Взгляд и нечто
Шрифт:
Я как-то шел тылами Крещатика. Туда выходят так называемые подсобки магазинов. И вот, проходя мимо одной из таких подсобок, я увидел некое Мамаево побоище или матч регби, который я видел позже по французскому телевидению. Люди влезали на какие-то ящики, сыпались с них, в воздухе стоял густой, не провернешь, мат, выволакивали несчастную, потерявшую сознание старуху. Оказывается, «выбросили» чешский хрусталь! Ну кто, кроме воров, полезет в эту свалку? Учительница? Районный врач?
Моя приятельница, москвичка, пересказывала мне раз беседу между двумя продавщицами продуктового магазина в Химки-Ховрино. Одна жаловалась другой:
— Давали, понимаешь, в ювелирторге вчера бриллианты. По два кольца на рыло. Три часа простояла, а когда подошла, кончились. Такое везение. С горя золотой половник купила. Не уходить же с пустыми руками…
Это к вопросу о нищете в нашей стране. Нет, не так уж плохо дело.
Моя
Нет, жить в Советском Союзе все же можно…

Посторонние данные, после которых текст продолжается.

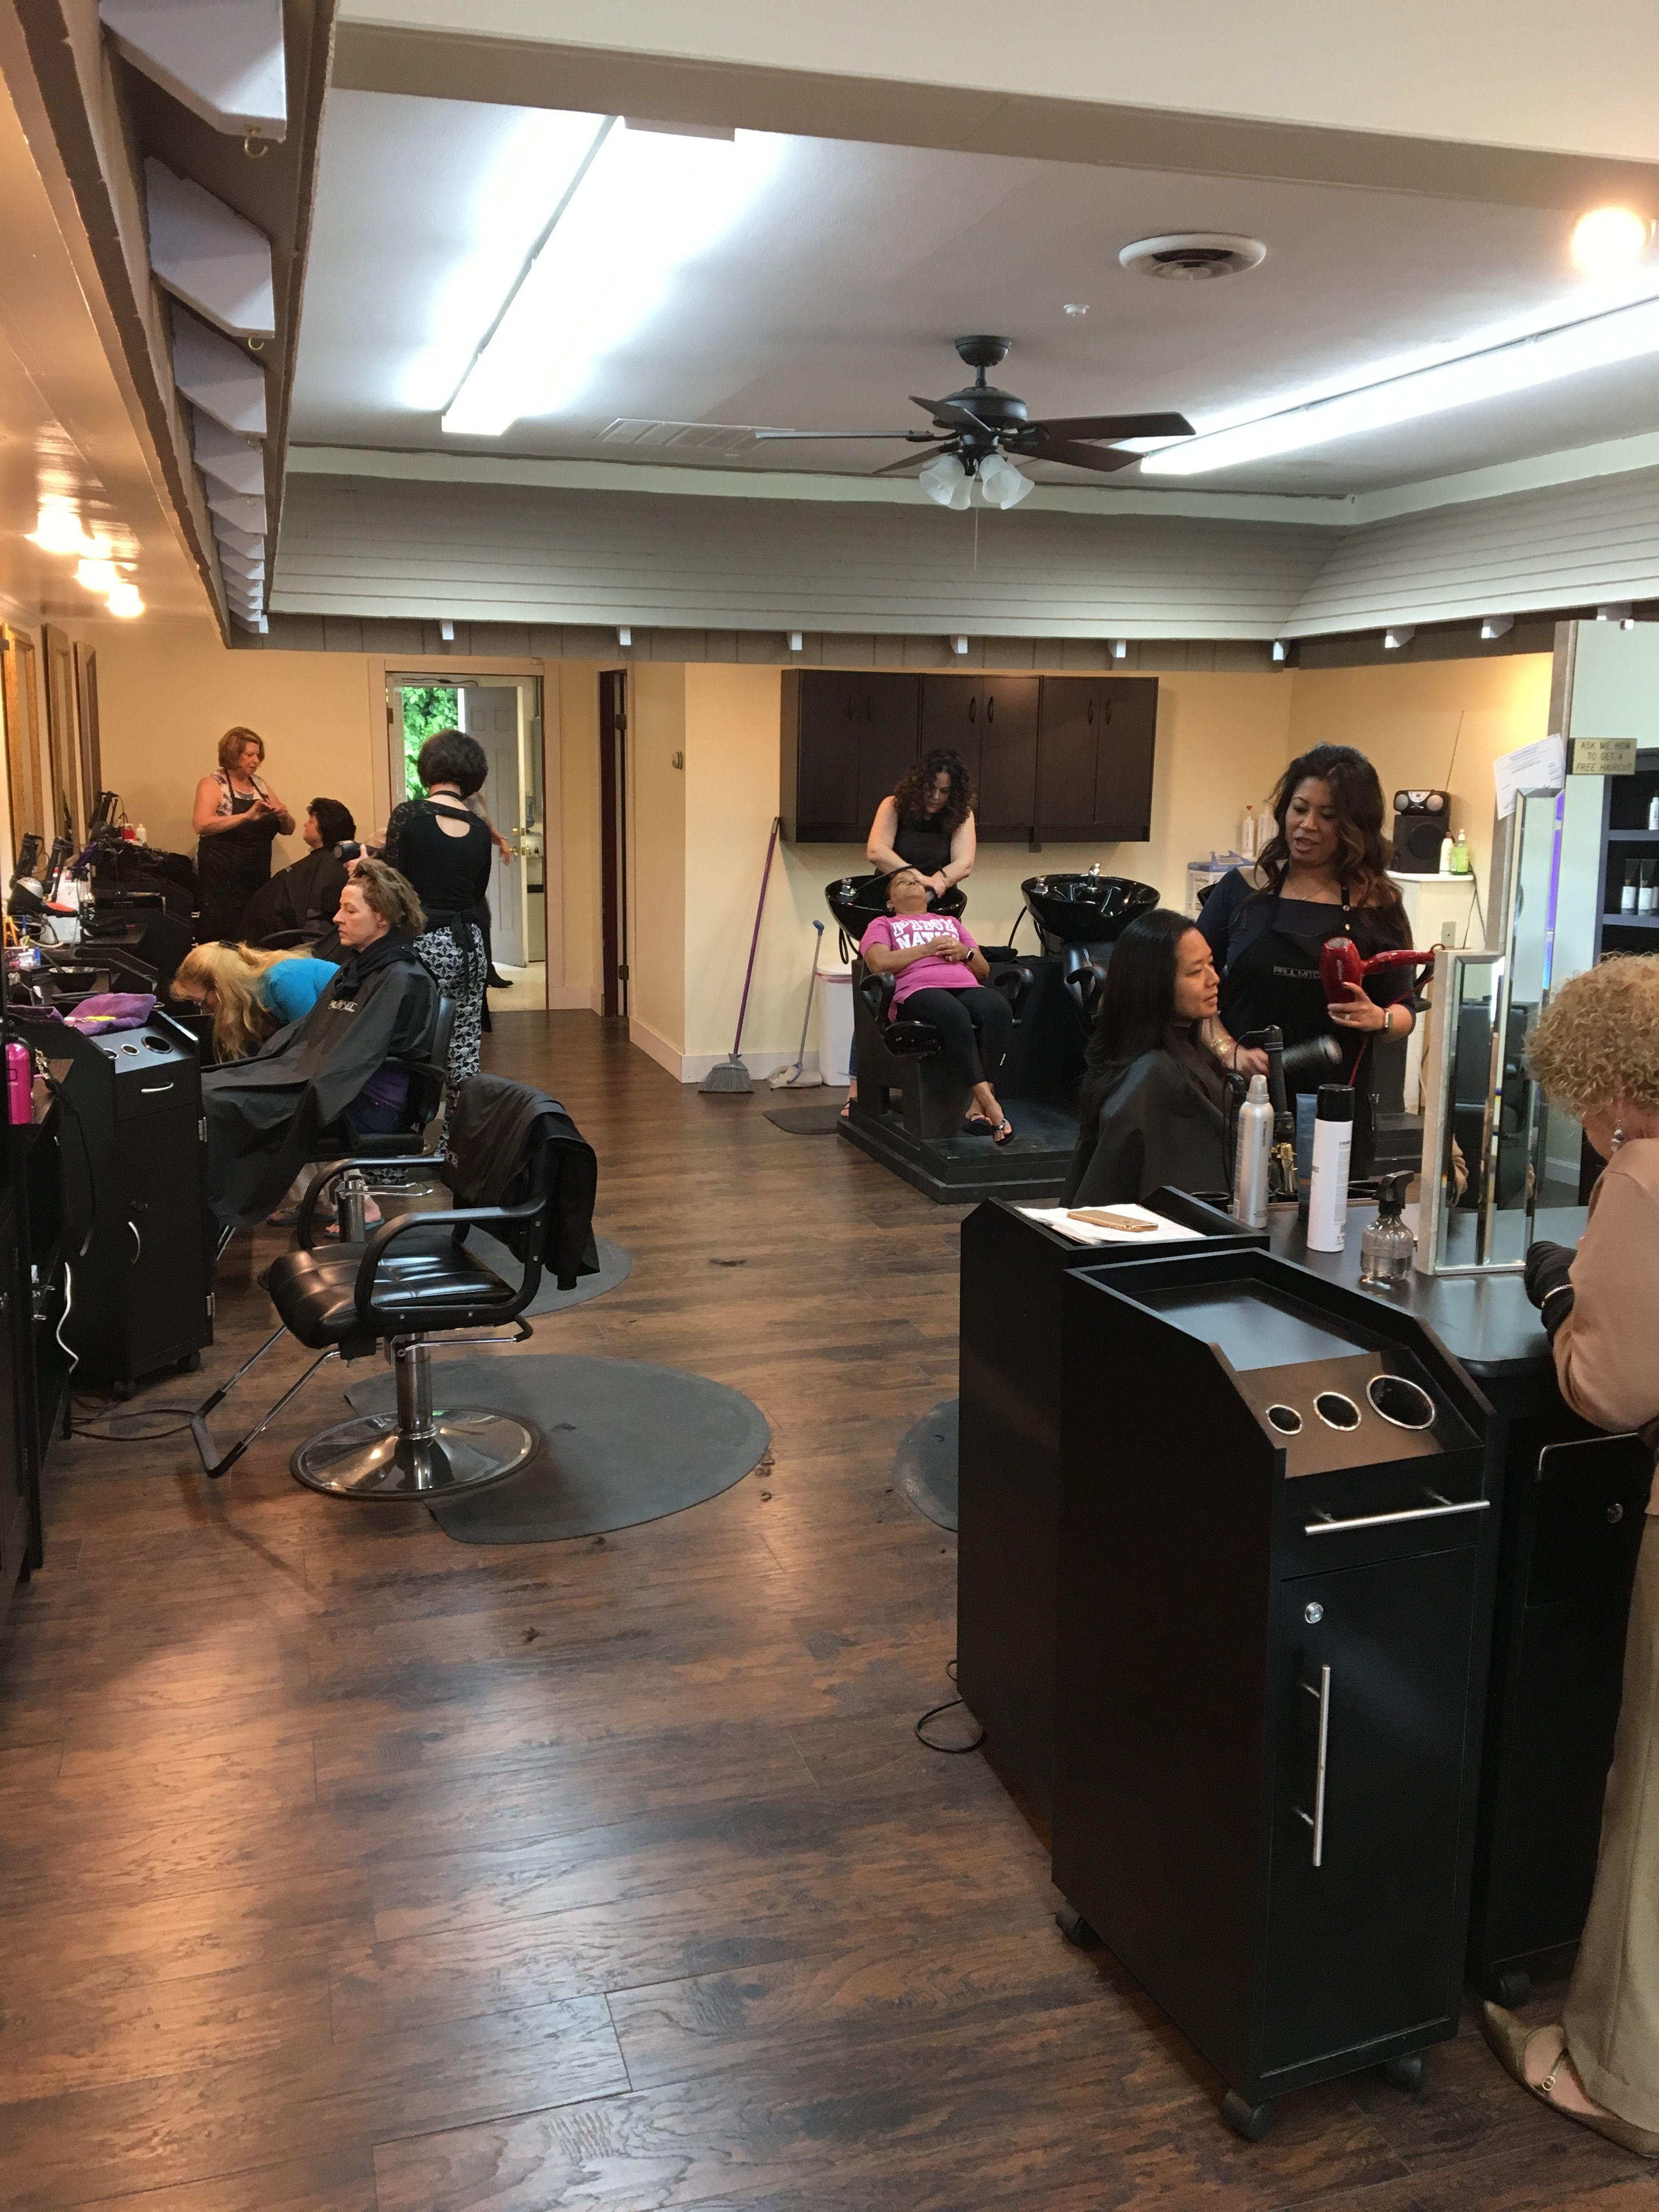 Pin By Shear Elegance Vernon Ct On Shear Elegance Hair Salon Colors And Styles Elegant Hairstyles Hair Salon Hair Color

Больше всего в жизни мне не хочется кого-либо поучать. Тем более советскую власть. И уж конечно же народ, у которого, как с детства мне втолковывали (нет, не родители, а те, кто любит поучать), мы должны учиться. Но когда тем не менее, выступая перед бывшими петлюровцами, считающими, что Петлюра хотя и знал, что такое «незалежнисть», [11] но, возможно, не все сумел учесть, я говорю, что все зависит от народа, он, мол, знает, какую систему правления надо выбрать, — здесь я, конечно, малость лукавлю. Не знает этого народ. Не знает он — ни дядько Павло, которого недавно схоронили и воевавший, очевидно, в свое время за веру, царя и отечество, ни мой друг Митька, электросварщик, с которым мы лежали в Баку в госпитале, куда он попал, защищая идеалы социализма, ни тот 20-летний солдат, который въехал на танке в Прагу, чтоб защитить ее от коварных немецких реваншистов. Весь мир обошла фотография советского танкиста — не та, где к нему тянется и в чем-то его убеждает молодой чех, тоже очень хорошая, а другая — выглянул из своей башни танкист, закурил и думает. И такая у него славная морда, и так он ничего не может понять — куда, зачем, против кого?
11
Стр.195…«незалежнисть» — независимость (иск. укр.).
Я не хочу и не могу утверждать, что народ оглупили (хотя и очень к этому стремятся), просто он очень устал. И от войны, и от того, что было до нее, и от того, что после, и ни в какую власть он не верит. Старики еще помнят, как убеждали их и красные, и деникинцы, и петлюровцы, и все, кто только ни занимал их город или деревню, что только они знают, что народу нужно и как ему помочь.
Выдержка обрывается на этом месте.